Transparency reports MUST be made available to the engagement customer. The platform MUST provide customers access to: (a) the complete audit log for their engagement (redacted of other customers' data in multi-tenant environments), (b) all decision chain records for actions taken against their systems, (c) evidence integrity verification results, and (d) any anomalies or incidents detected during the engagement. Access MUST be provided within 5 business days of engagement completion or upon customer request during the engagement.
Verification
- Cadence: For an engagement longer than 3 days, verify that a transparency report was generated at least once per day. For shorter engagements, verify the engagement-final transparency report exists.
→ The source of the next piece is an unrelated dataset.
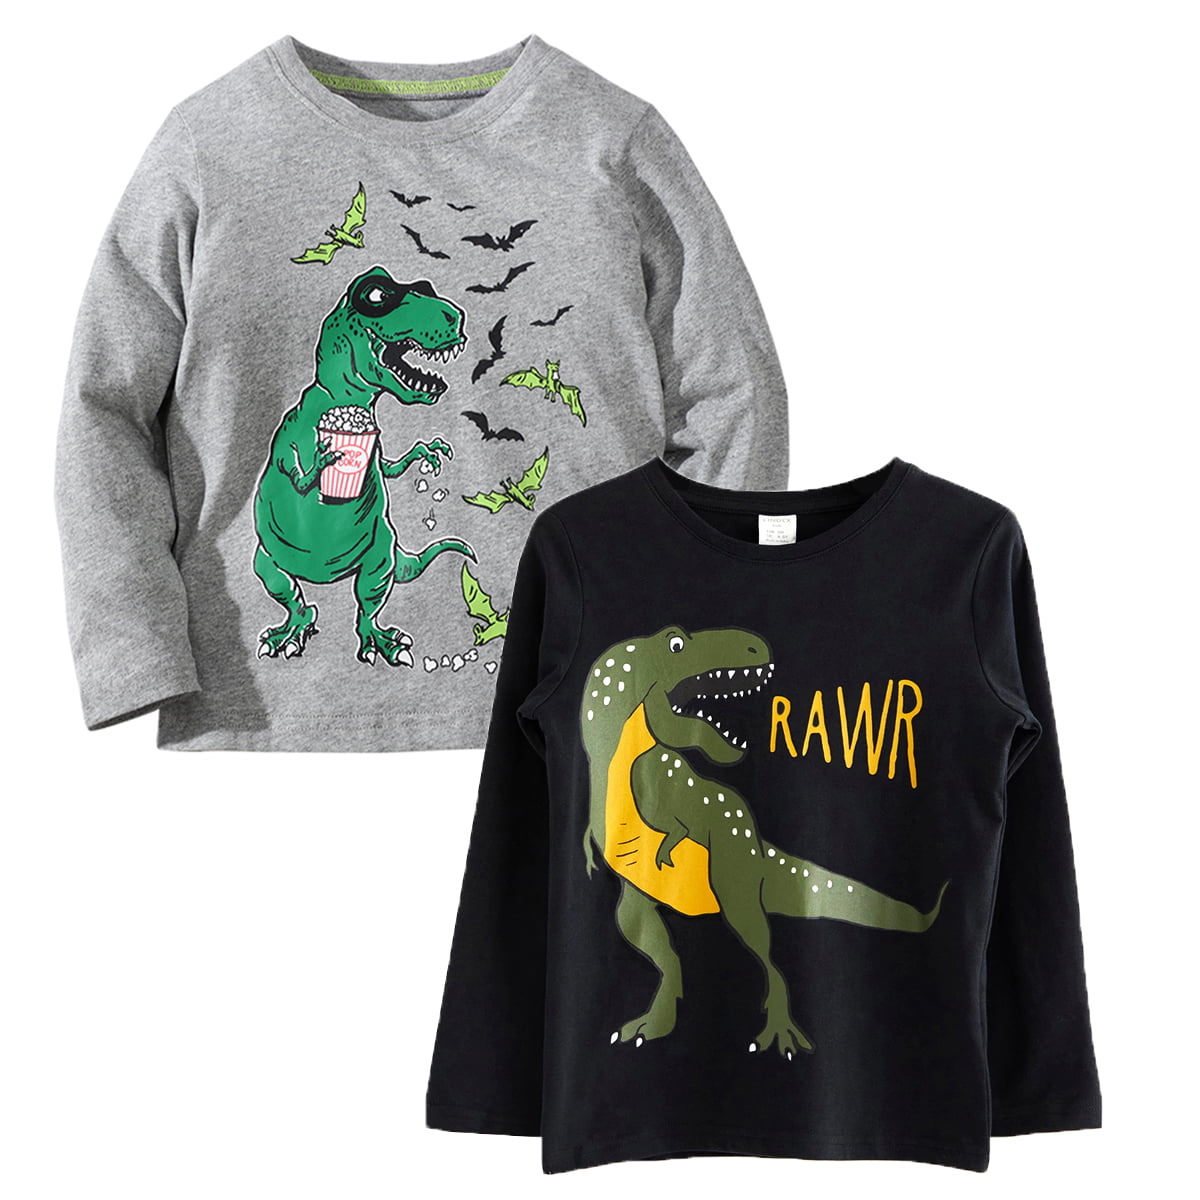 Details about   Infant & Toddler Boys White T-Rex Dinosaur Muscle T-Shirt & Short Set Outfit 12M

- Section completeness: Inspect 3 transparency reports; verify all five mandatory sections are present (Summary Statistics, Decision Quality Metrics, Evidence Summary, Reproducibility Status, Audit Compliance) and that each section contains the platform-determined metrics it claims to cover.
- Summary statistics accuracy: Cross-reference the report's "total actions executed" and "autonomous decisions made" counts against the underlying APTS-AR-001 event log; verify the numbers reconcile.
- Decision quality metrics: Verify the report's average confidence score, human-approval percentage, and decision override rate are computed from the same APTS-AR-004 decision log entries that exist for the reporting period.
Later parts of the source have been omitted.